You're basically making the author's case: deep learning clearly outperforms on certain classes of problems, and easily "generalizes" to modest performance on lots of others. But leaping from that to "radiology robots are almost here!" is folly.
There is also higher chance that next state-of-art model would push it significantly over 83% or best human radiologist at some point in the future, so it might not be very economical to train humans to become even better (i.e. dedicate your life to focus on radiology diagnostics only).
The main critique for CheXNet I've read was focused on the NIH dataset itself, not the model. The model generalizes quite well across multiple visual domains, given proper augmentation.
Except they don't. See the table in the original post. Also, comparing the "average" radiologist by F1 scores from a single experiment (as you've done in other comments here) is meaningless.

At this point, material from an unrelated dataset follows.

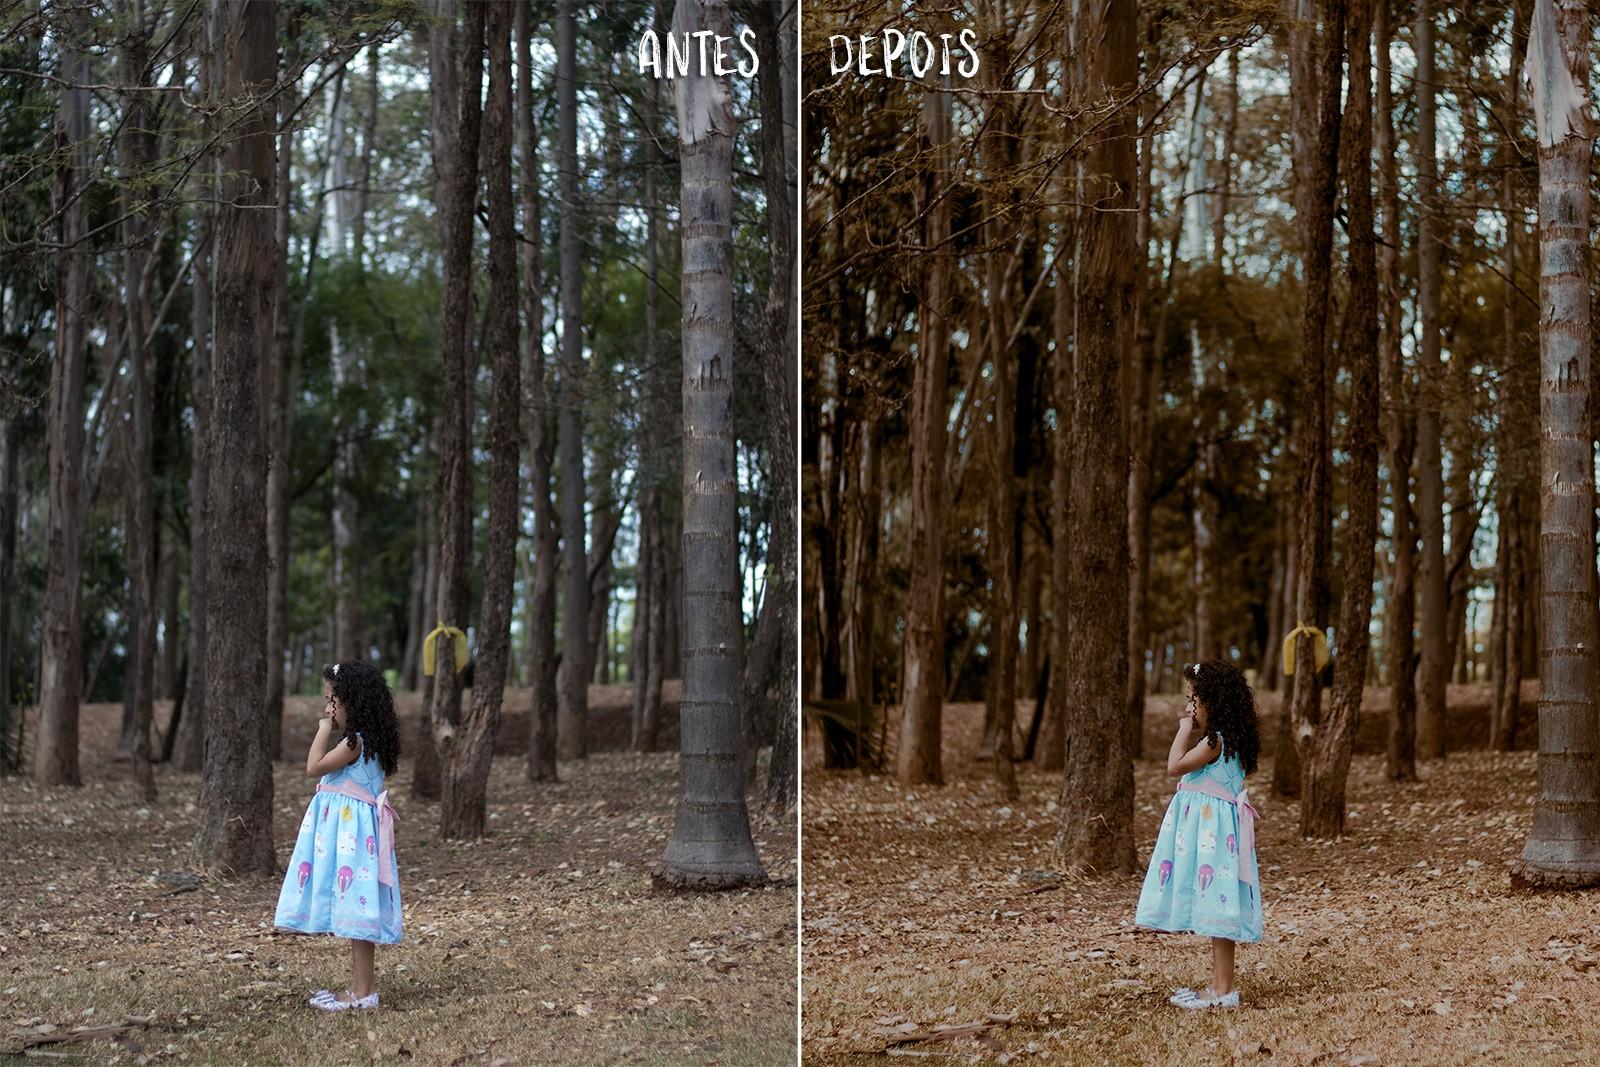 fotografia antes e depois edição

Unless my doctor is exactly average (and isn't incorporating additional information, or smart enough to be optimizing for false positive/negative rates relative to cost), comparison to average statistics is academic. But I don't really need to tell you this -- your comment has so many caveats that you're clearly already aware of the limits of the method.

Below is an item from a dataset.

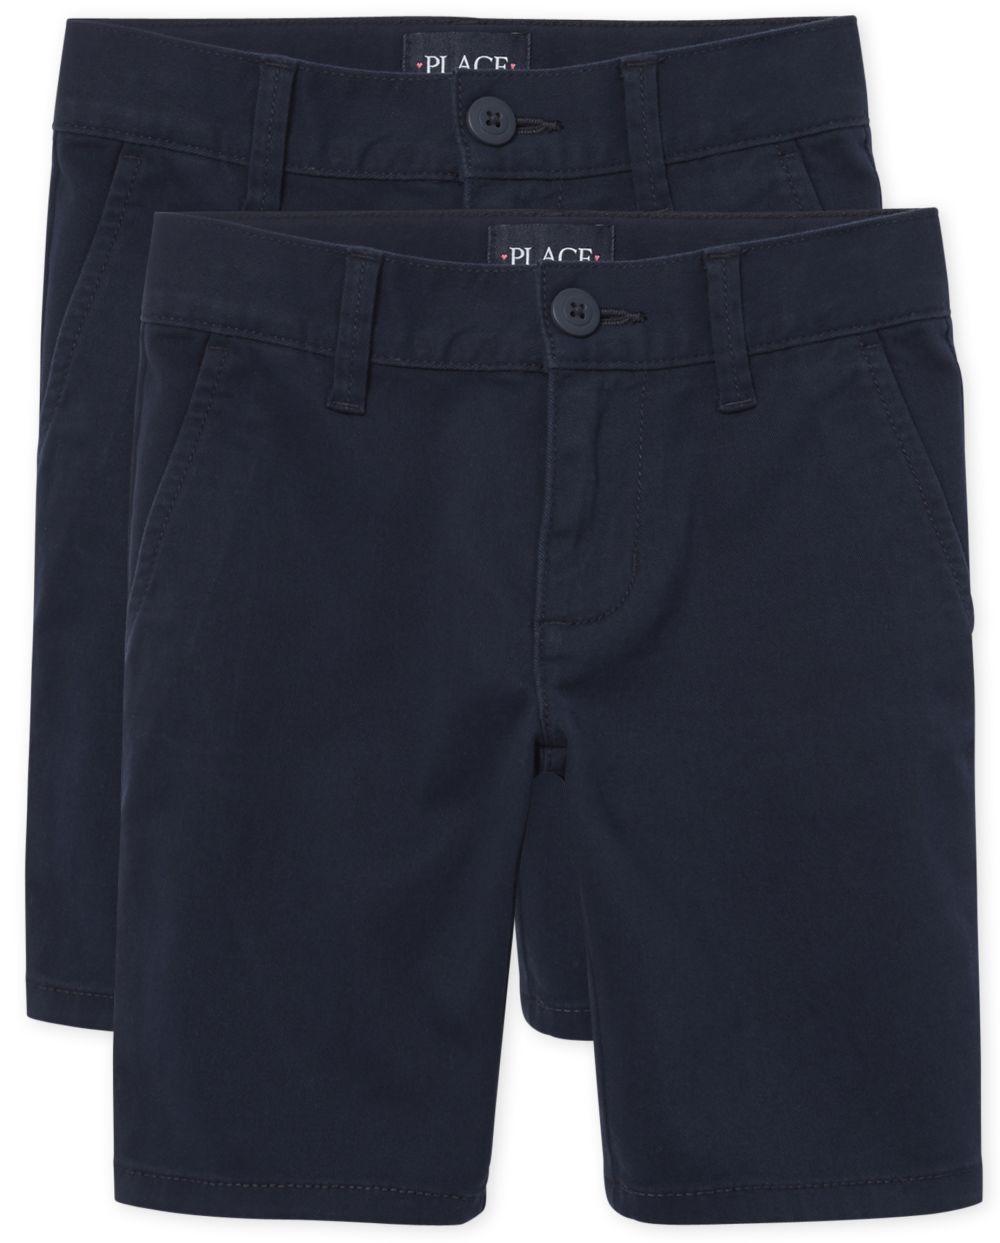 Girls Uniform Chino Shorts 2-Pack

On one hand, we have one commenter saying he can train a model to do a specific thing with a specific quantitative metric, to demonstrate how deep learning can incredibly powerful/useful.

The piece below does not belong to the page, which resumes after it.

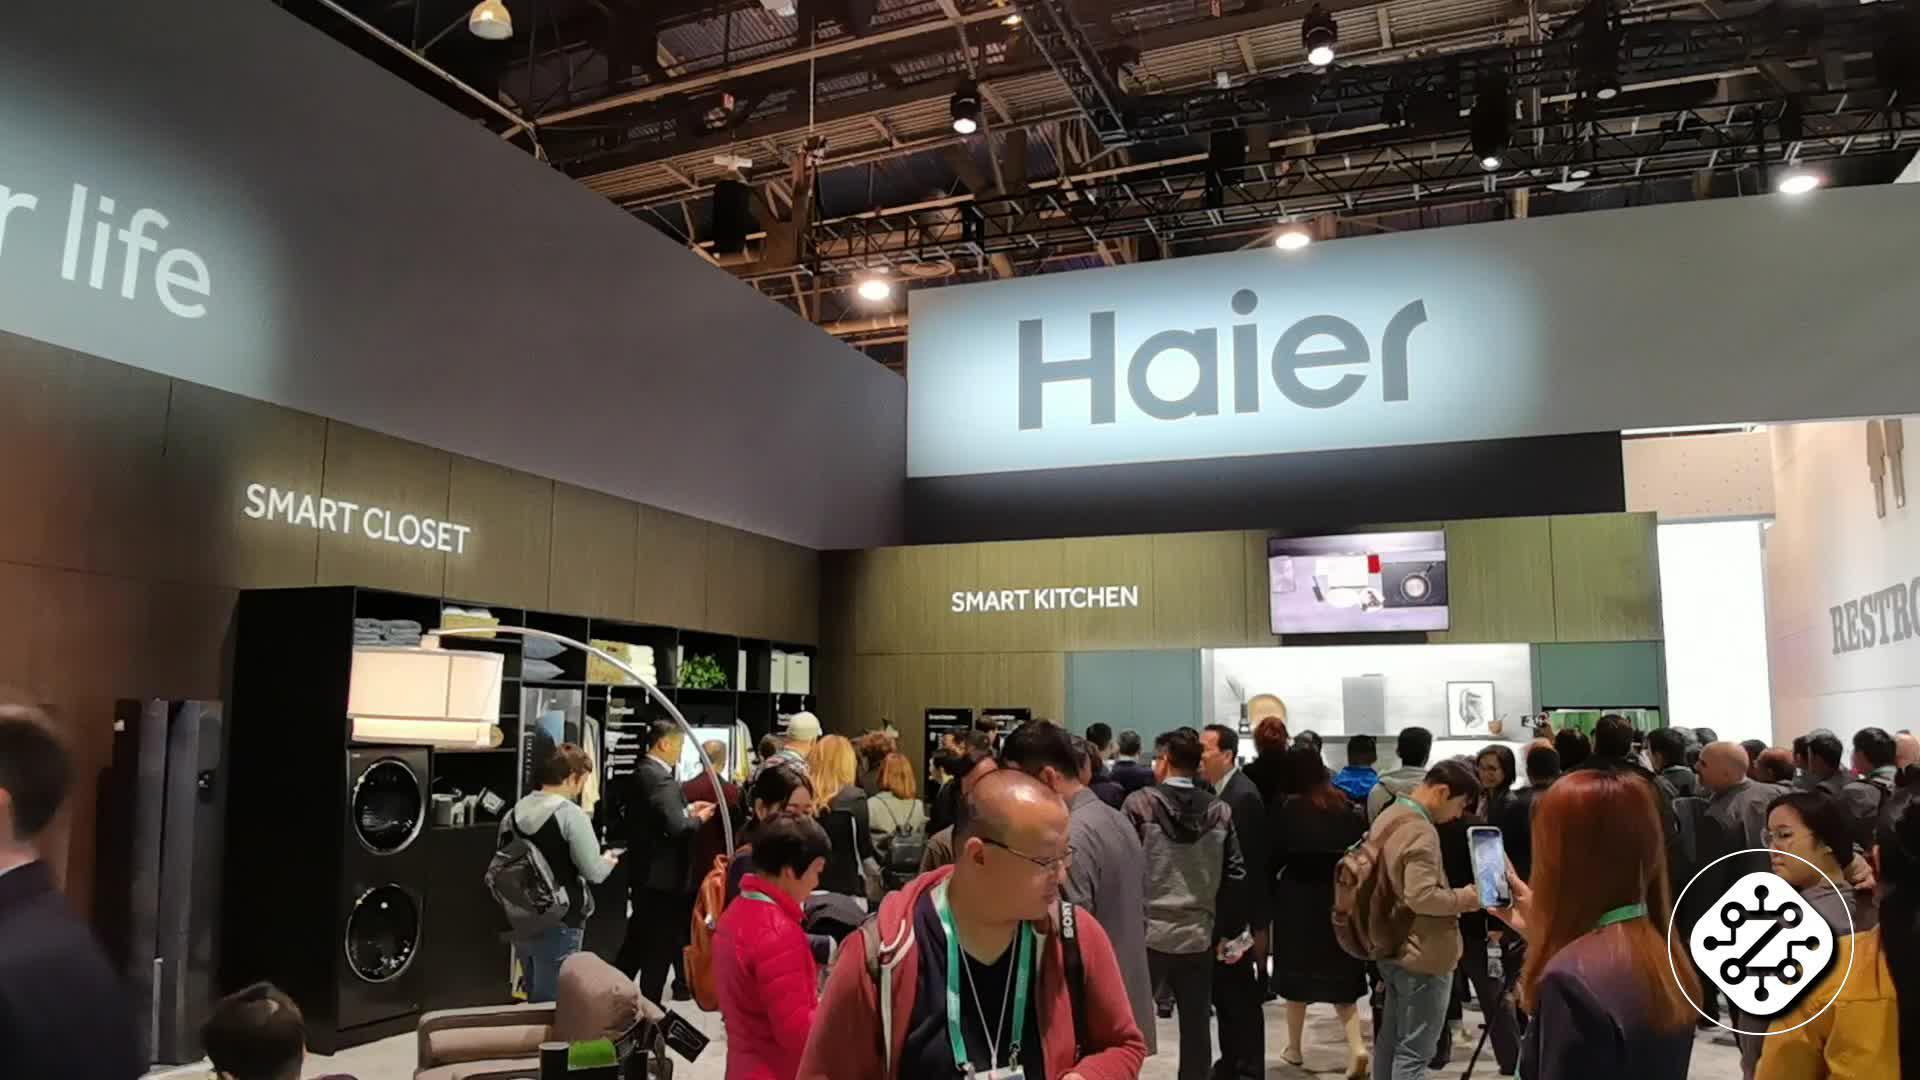 海尔亮相CES 2020 智慧家庭解决方案吸引众多商家观众体验

On the other hand, we have another commenter saying "But this won't replace my doctor!" and therefore deep learning is overhyped.
The two sides aren't even talking about the same thing.
That kind of hyperventilating stuff is easy to brush off. The problem with deep-learning hype is that comments like "my classifier gets a ROC/AUC score of 0.8 with barely any work!" are presented as meaningful. The difference between a 0.8 AUC and a usable medical technology means that most of the work is ahead of you.
So I think it's come down to conflict between
1. Which the author is trying to present
2. What an astute reader might interpret it as
3. What an astute reader might worry an uninformed reader might interpret it as
And my feeling is that, given all the talk about hype in pop-sci, we're actually on point 3 now, even when the author and reader are actually talking about something reasonable. Whereas personally I'm more interested in the research and interpretations from experts, which I find tend to be not so problematic.
Just to get back to this point: what if the vision system of your doctor is below average and you augment her by giving her a statistically better vision system, while allowing her to use the additional sources as she sees fit. Wouldn't be that an improvement? We are talking about vision subsystem here, not the whole "reasoning package" human doctors posses.
On just about every test set, the model is beaten by radiologists. Even the mean performance is underwhelming.
In their paper they even used "weaker" DenseNet-121 instead of DenseNet-169 for Mura/bones. DenseNet-BC I tried is another refinement of the same approach.
Basically, I see this as "everyone sucks, but the AI maybe sucks a little less than the worst of our radiologists, on average"
Some people mention Matthews correlation coefficients, Youden's J statistic, Cohen's kappa etc. but I haven't seen them in any Deep Learning paper so far and I bet they have large blindspots as well.
Of course! Using DenseNet-BC-100-12 to increase ROC AUC, it was so obvious!